I had managed only one sunset flight in 2021 but fast forward to summer 2022 – and with 140 hours under my belt and a healthy level of confidence, I was ready to go!

It was the afternoon of 15 June. The weather was beautiful, the winds were low and I thought, “Bingo! This evening is too good to miss!”.

ready for takeoff
Sarah and co-pilot Mikey, ready for take-off

I was keen to capture some footage of the Eurofox in-flight with the use of drones, so I messaged three friends, as well as fixed-wing pilots who couldn’t resist an evening soiree at the airfield!

The squad was made up of Sheldon and Simon who operated the drones and Mikey, my co-pilot for the evening. We were also joined by one of Simon’s friends, Emma, who is a professional photographer.

Backtracking before take-off with the evening light casting long shadows

Mikey and I took off from Deanland with a couple of knots of wind at 1945 and headed to Kittyhawk. The journey was long, tiresome and lasted an entire… three minutes!

I had prior permission from the manager at Kittyhawk to operate the drones at the airfield and carefully monitored Kittyhawk’s frequency to ensure it was safe to operate, and that we had no confirmation of any aircraft PPRs.

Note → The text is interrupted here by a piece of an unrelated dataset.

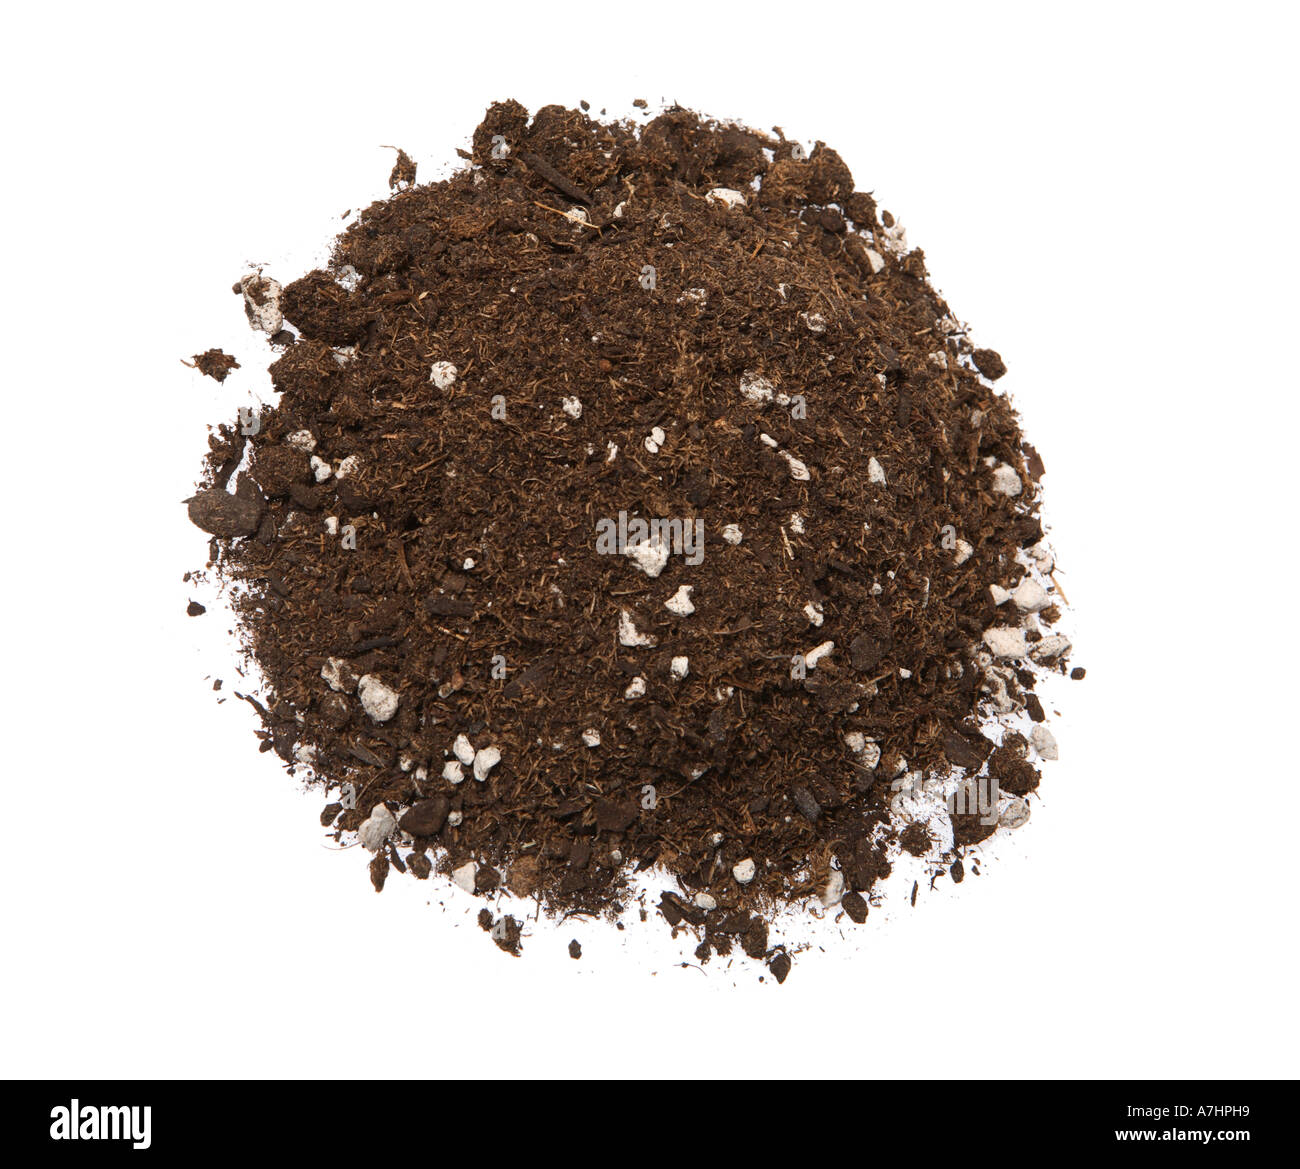 Potting soil Stock Photo

There was barely a breeze but I assessed the windsock and chose to land on Runway 10. We taxied to the main hangar where we met the others. We had a ‘drone-off’ to see whose kit was cooler and I tried on a pair of FPV (first person view) goggles… and felt nauseous in less than 10 seconds.

We had a thorough safety briefing which involved considering and mitigating potential risks and agreeing on strict safety rules we would obey, such as drones landing immediately if any other aircraft were seen or heard (we checked with the airfield owner that there were no other aircraft PPRs).

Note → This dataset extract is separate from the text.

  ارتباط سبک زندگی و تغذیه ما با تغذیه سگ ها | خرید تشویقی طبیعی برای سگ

The Eurofox picks up its tail and the sunset flight begins

The boys had a handheld radio so they could listen to my detailed and frequent radio calls. Briefing complete, Mikey and I taxied to Runway 10 for a take-off.

I flew a circuit and landed back down on Runway 10 where I was given instructions to do it again because someone had forgotten to press record (all the gear and no idea, hey…).

I hadn’t flown the tailwheel EuroFox for a couple of weeks and it felt great! Taildraggin’ appealed to me very early on in my training and I’m chuffed to have been able to fly this machine for more than a year.

I call it the ‘little rocket’ – it climbs like a bat out of Hell and handles beautifully. I learned early on during my tailwheel rating that tailwheel flying requires a certain respect and definitely some more focused concentration.

During final approach, I sing, “Feet, feet, feet, remember your flippin’ feet!”. You know what they say, you haven’t finished flying a taildragger until it’s in the hangar!

low approach
Low approach and go-around

I took advantage of the low winds and with nobody else flying I decided to land on every runway at Kittyhawk.

I landed on Runway 10, back tracked and taxied down to Runway 16 to take-off.

After landing on Runway 16, I swung the tail around on one wheel (ah, the beauty of the taildragger) and took off from Runway 34!

I came in to land on Runway 34 and had to side-slip down to short final to lose some height. I was floating and decided to go-around since I wouldn’t have made the first third of the runway… I had a slight tailwind!

Landing mid-runway

After an hour of circuits and a full stop landing on Runway 10, the crew said they had some good footage. It was 2100 and I offered to fly the photographer Emma back to Deanland with me, it was her first time in a light aircraft!

She climbed into the small cockpit of the Eurofox and I briefed her on emergency procedures. It was getting dark at this point and with sunset at 2115, I had until 2145 to be on the ground at Deanland.

I decided the three minute flight to Deanland wouldn’t be enough for a ‘first timer’ so we took off and routed towards Lewes to extend the flight.

We landed at Deanland at 2132 which is the latest I have ever landed! The sky was a beautiful pink at this point.

What a flight! What a sky!

The evening was a success and definitely one to remember!

I practised my tailwheel take-offs and landings, got some amazing footage and witnessed the most beautiful sunset.

An evening in the sky is an evening well spent. Thanks must be said to Mikey, Sheldon, Simon and Emma for their company and expertise!